How Natural Gas Powers Industry, Arts, Agriculture & More

On Thursday afternoon, Think About Energy hosted a webinar about how the Marcellus Shale has positively impacted Pennsylvania and its various counties and communities. The webinar, titled “Local Community Growth and Sustainability with the Natural Gas Industry,” was moderated by George Stark, Director of External Affairs for Cabot Oil and Gas.

The webinar featured longtime PEIA partners Washington County Chamber of Commerce President Jeff Kotula and Williamsport/Lycoming Chamber of Commerce President/CEO Jason Fink. Susquehanna County Commissioner Alan Hall also joined the conversation, which featured topics such as how the gas industry has benefited counties, farms, and residents, and how the industry has created all different types of jobs and opportunities for nearby communities.

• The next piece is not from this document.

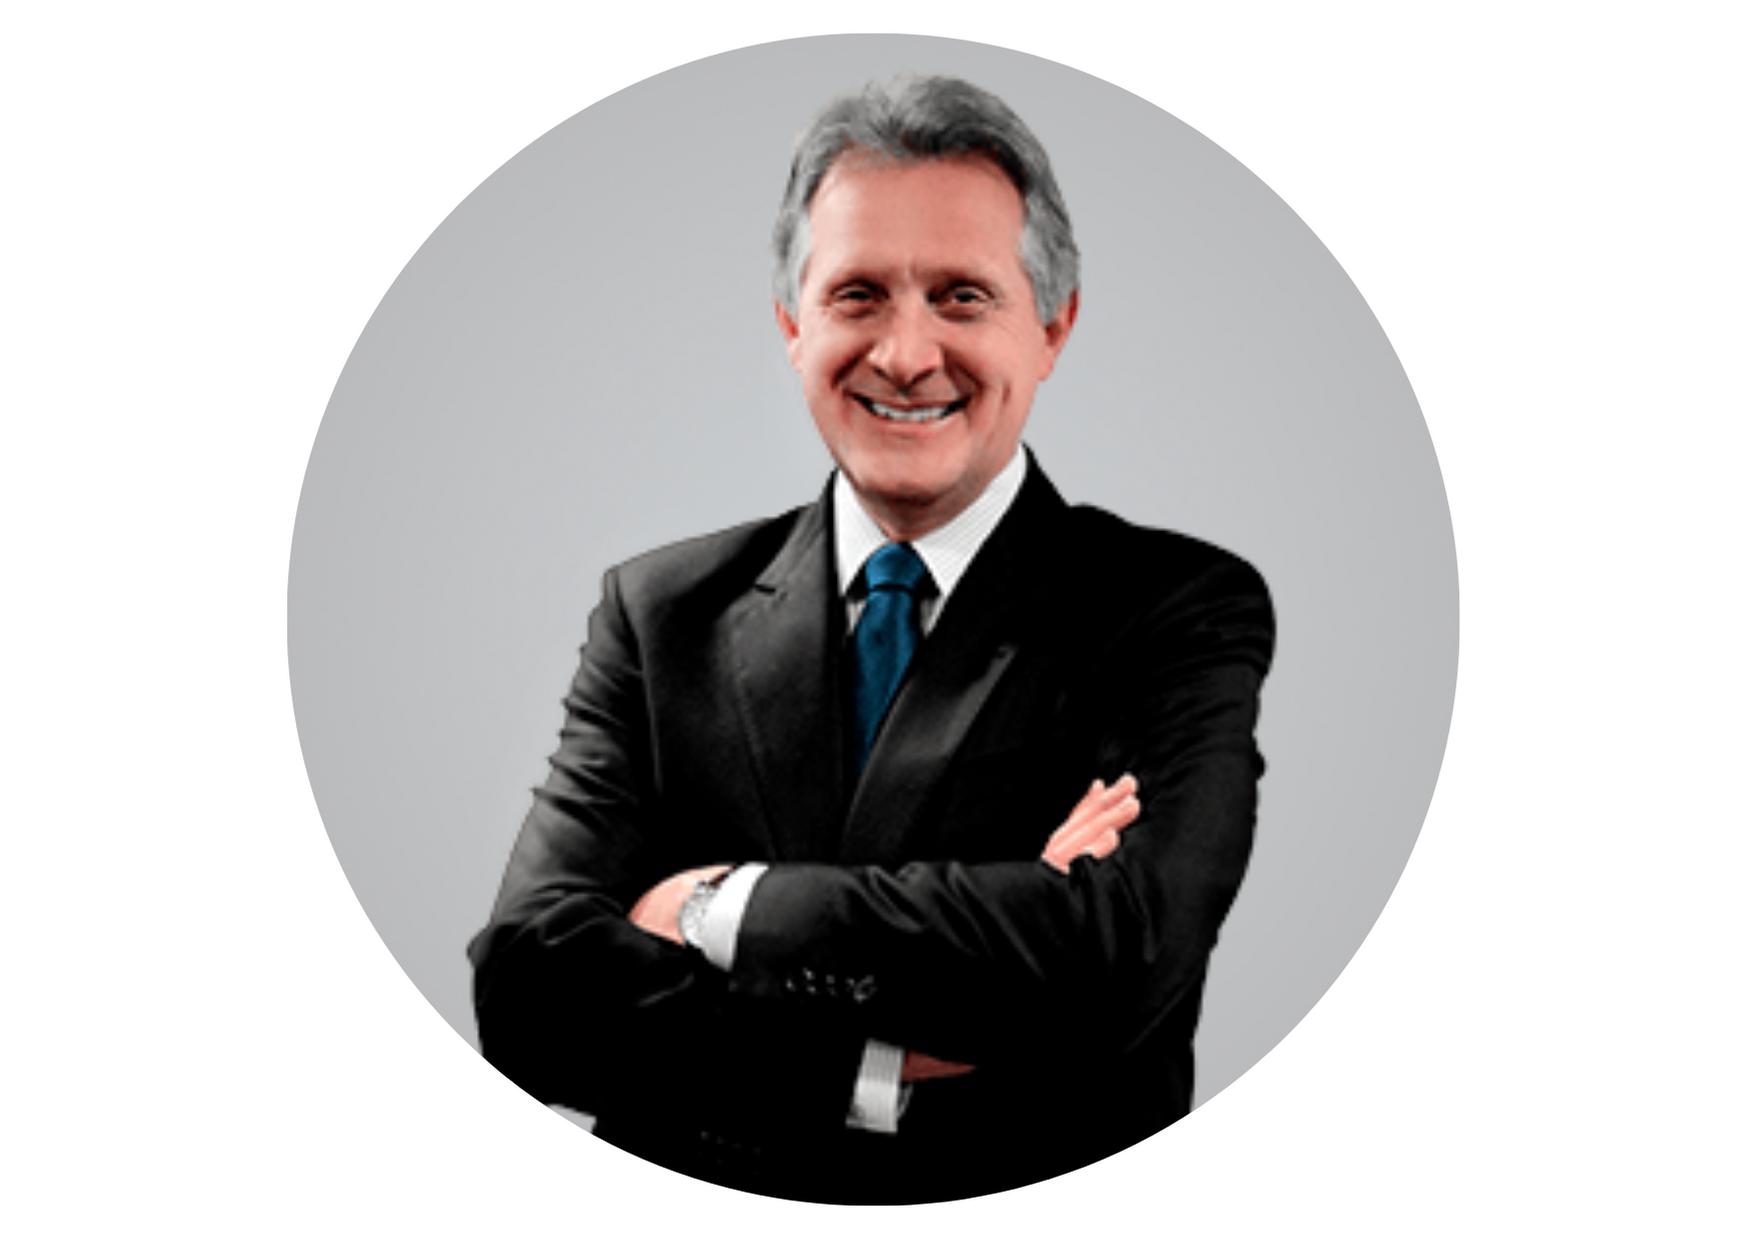 Reinaldo Passadori

Fink briefly talked about how the industry has helped grow businesses in downtown Williamsport and kept businesses running during COVID-19. Hotels are still able to operate at 70 percent capacity in his region and the restaurant industry continues to boom from visitors staying at the hotels. Fink went on to further explain how there is a strong relationship between the hospitality and gas industries.

Not only are hospitality businesses booming, but agricultural businesses have benefited significantly from the Marcellus Shale as well. Prior to the Marcellus Shale, the values of farms in the area were low. Now the land is worth much more and farmers are able to expand their property. The expansion of farmland means more animals and more crops, which translates into more revenue for farmers. Hall explained that prior to the expanse of the natural gas industry, farmers were leaving because they were not making any money. Since the placement of the natural gas plants, farmers are now able to completely reinvent their farms.

Kotula, Hall and Fink all stressed how the industry has positively impacted the education system as well. The industry allows students learn about certain career opportunities from a young age. Kids from K-12 are able to take tours of the plants, and STEM students are given a hands-on experience in learning about natural power plants. Kotula, Hall and Fink elaborated how important STEM learning is for students. Kids are able to have jobs right out of high school or college. Fink mentioned how Penn College of Technology in northeastern Pennsylvania partners with the industry to get supplies and let students have hands-on experience.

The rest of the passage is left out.